1) With a Levenshtein distance of 2, the emails are going to be within 2 characters length of one another, so don't bother to do the distance calculations unless abs(length(email1)-length(email2)) <= 2

2) Again, with a distance of 2, there are not going to be more than 2 characters different, so you can make HashSets of the characters in the emails, and take the length of the union minus the length of the intersection of the two. (I believe this is a SymmetricExceptWith) If the result is > 2, skip to the next comparison.

OR

Code your own Levenshtein distance algorithm. If you are only interested in lengths < k, you can optimize the run time. See "Possible Improvements" on the Wikipedia page: http://en.wikipedia.org/wiki/Levenshtein_distance.

Answer 5

Just for completeness, you should consider the semantics of email addresses as well, in terms of:

1. Gmail treats user.name and username as being the same, so both are valid email addresses belonging to the same user. Other services may do this as well. LBushkin's suggestion to strip special characters would help here.

2. Sub-adrressing can potentially trip your filter if users wise up to it. You'd want to drop the sub-address data before comparison.

Answer 6

You might want to look at the full data set to see if there is other commonality between accounts that have spoofed emails.

i don't know what your application does, but if there are other key points, then use those to filter down what addresses you are going to compare.

Answer 7

Sort everything into a hashtable first. The key should be the domain name of the email; "gmail.com". Strip out special characters from the values, as was mentioned above.

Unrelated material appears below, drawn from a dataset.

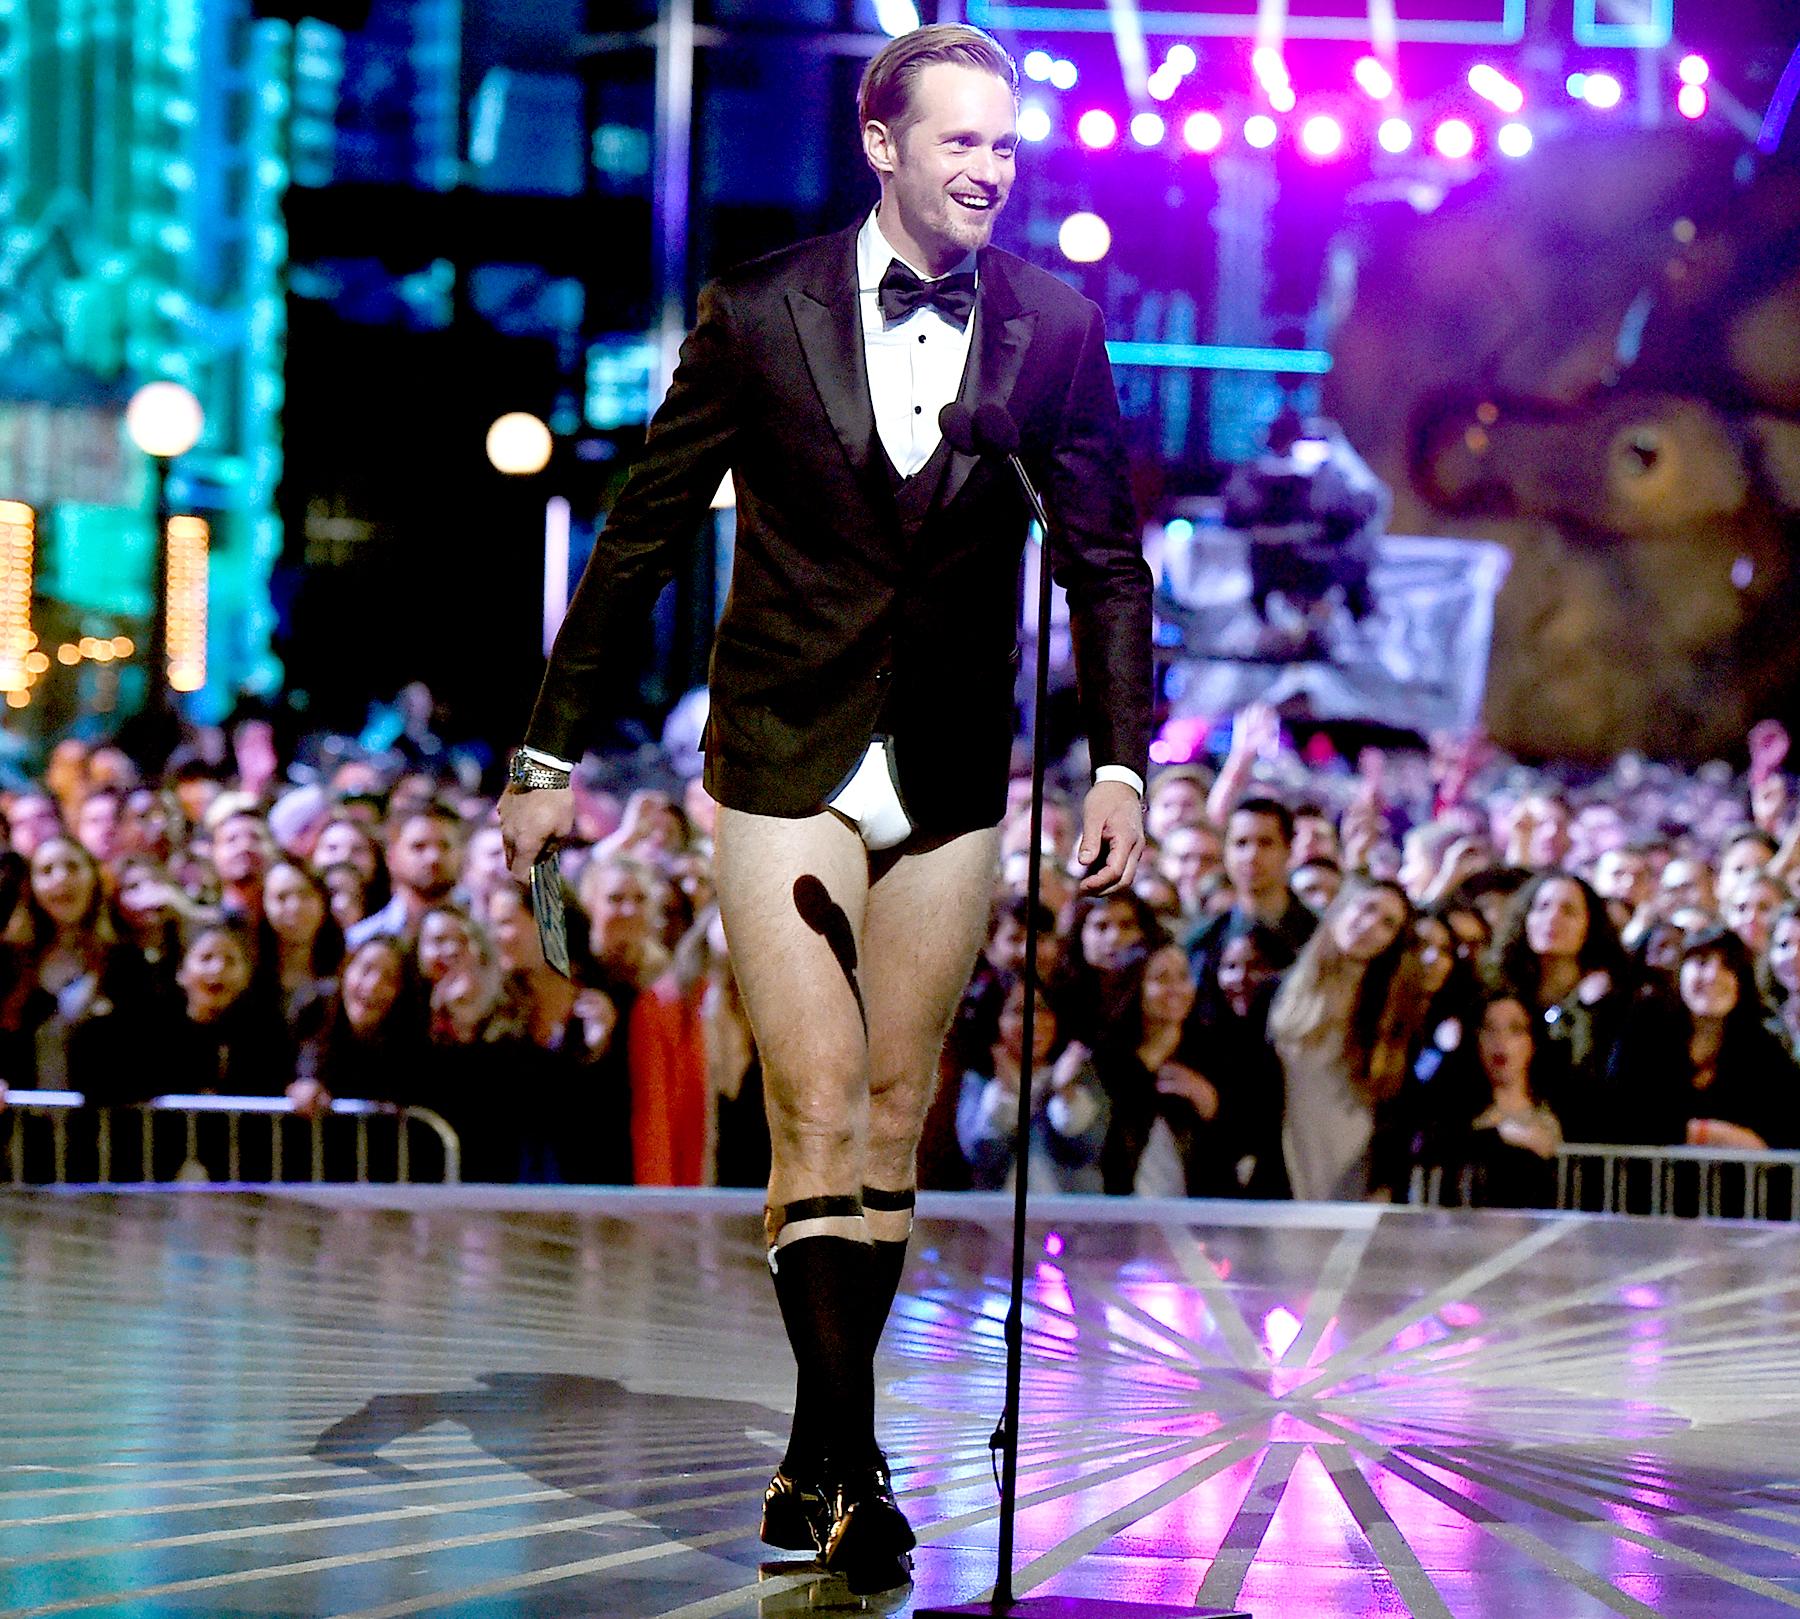 Alexander Skarsgard speaks onstage during the 2016 MTV Movie Awards.

Then check all the gmail.com's against one another. That should be much faster. Do not compare things that are more than 3 characters different in length.

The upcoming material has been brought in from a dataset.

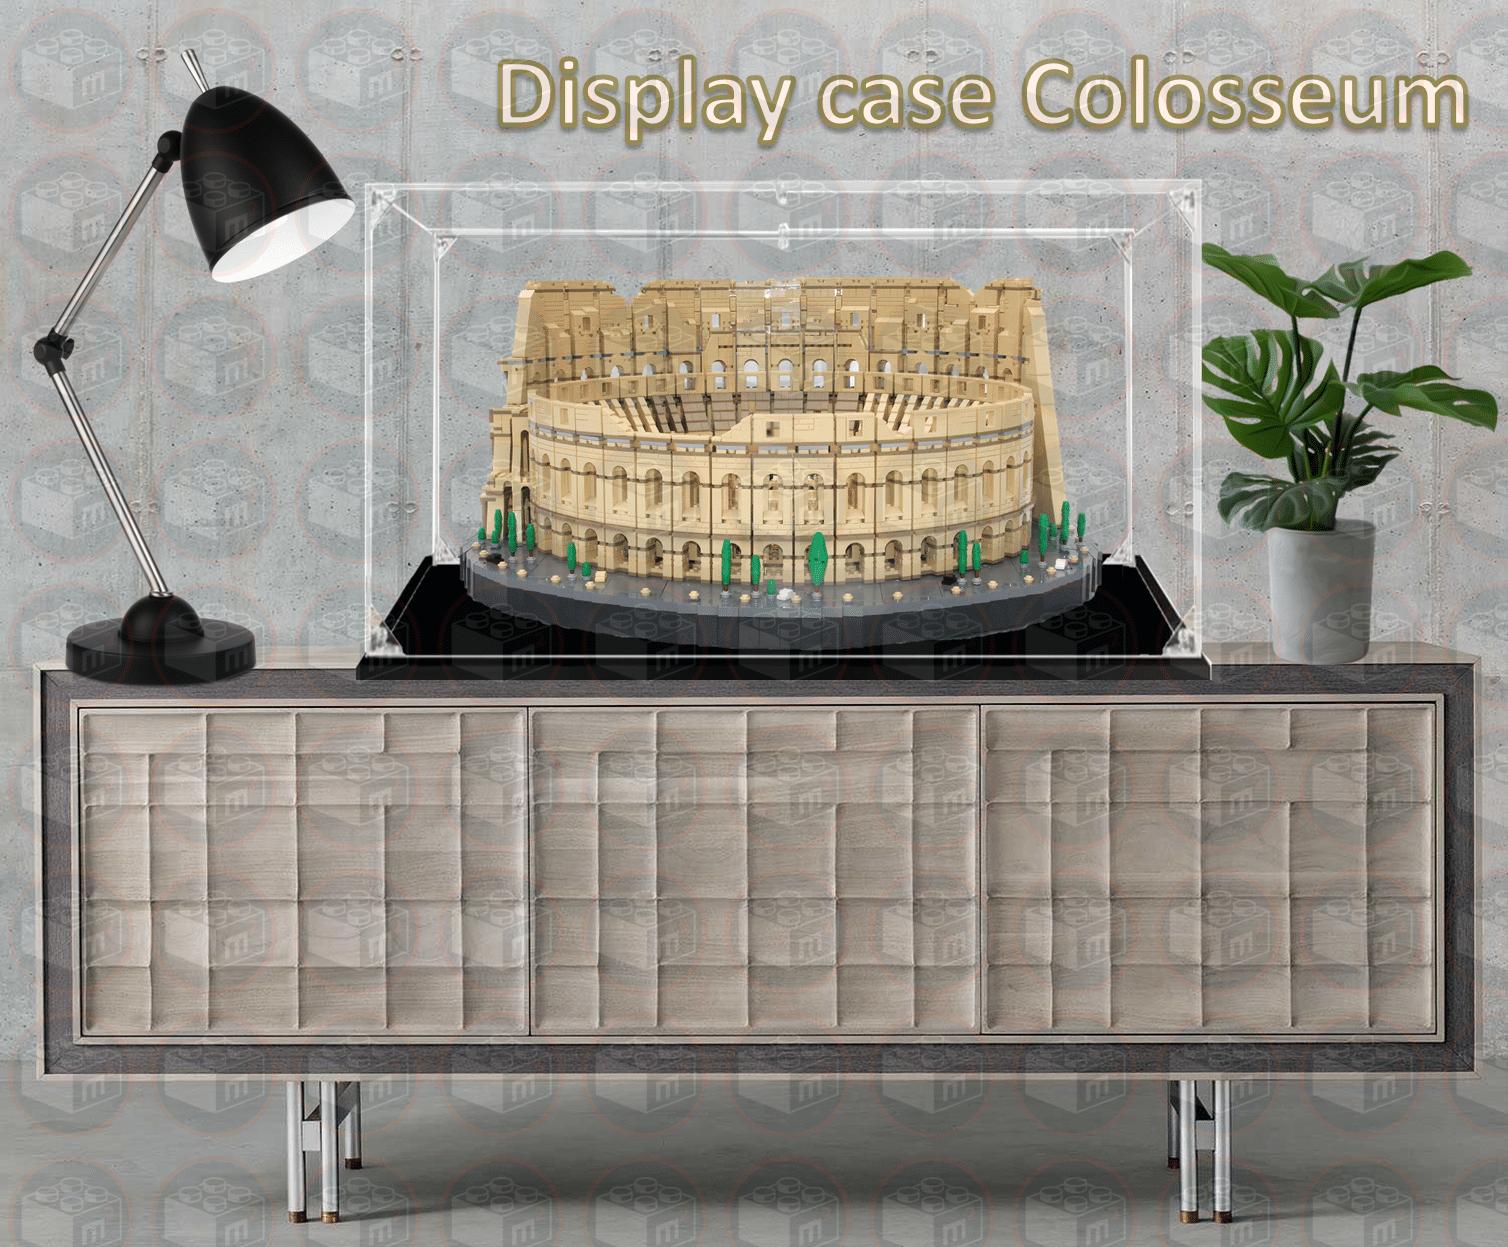 display case lego colosseum

As a second step, check all the keys against one another, and develop groupings there. (gmail.com == googlemail.com, for example.)

Answer 8

I agree with others comments about comparing email addresses not being to helpful, since users could just aswell create fraudulent disimilar looking addresses.

I think a better to come with other solutions, such as limiting the amount of emails you can write down per hour/day, or the time between those addresses being received by you and being sent to the users. Basically, work it out in a way where it is comfortable to send to send a few invites per day, but a PITA to send out many. I guess most users would forget/give up to do it if they had to do it through out a relatively long period of time in order to get their freebies.

Answer 9

Is there any way you can do a check on the IP address of the person creating the email. That would be a simple way to determine, or at least give you added information about whether the different email addresses have come from the same person.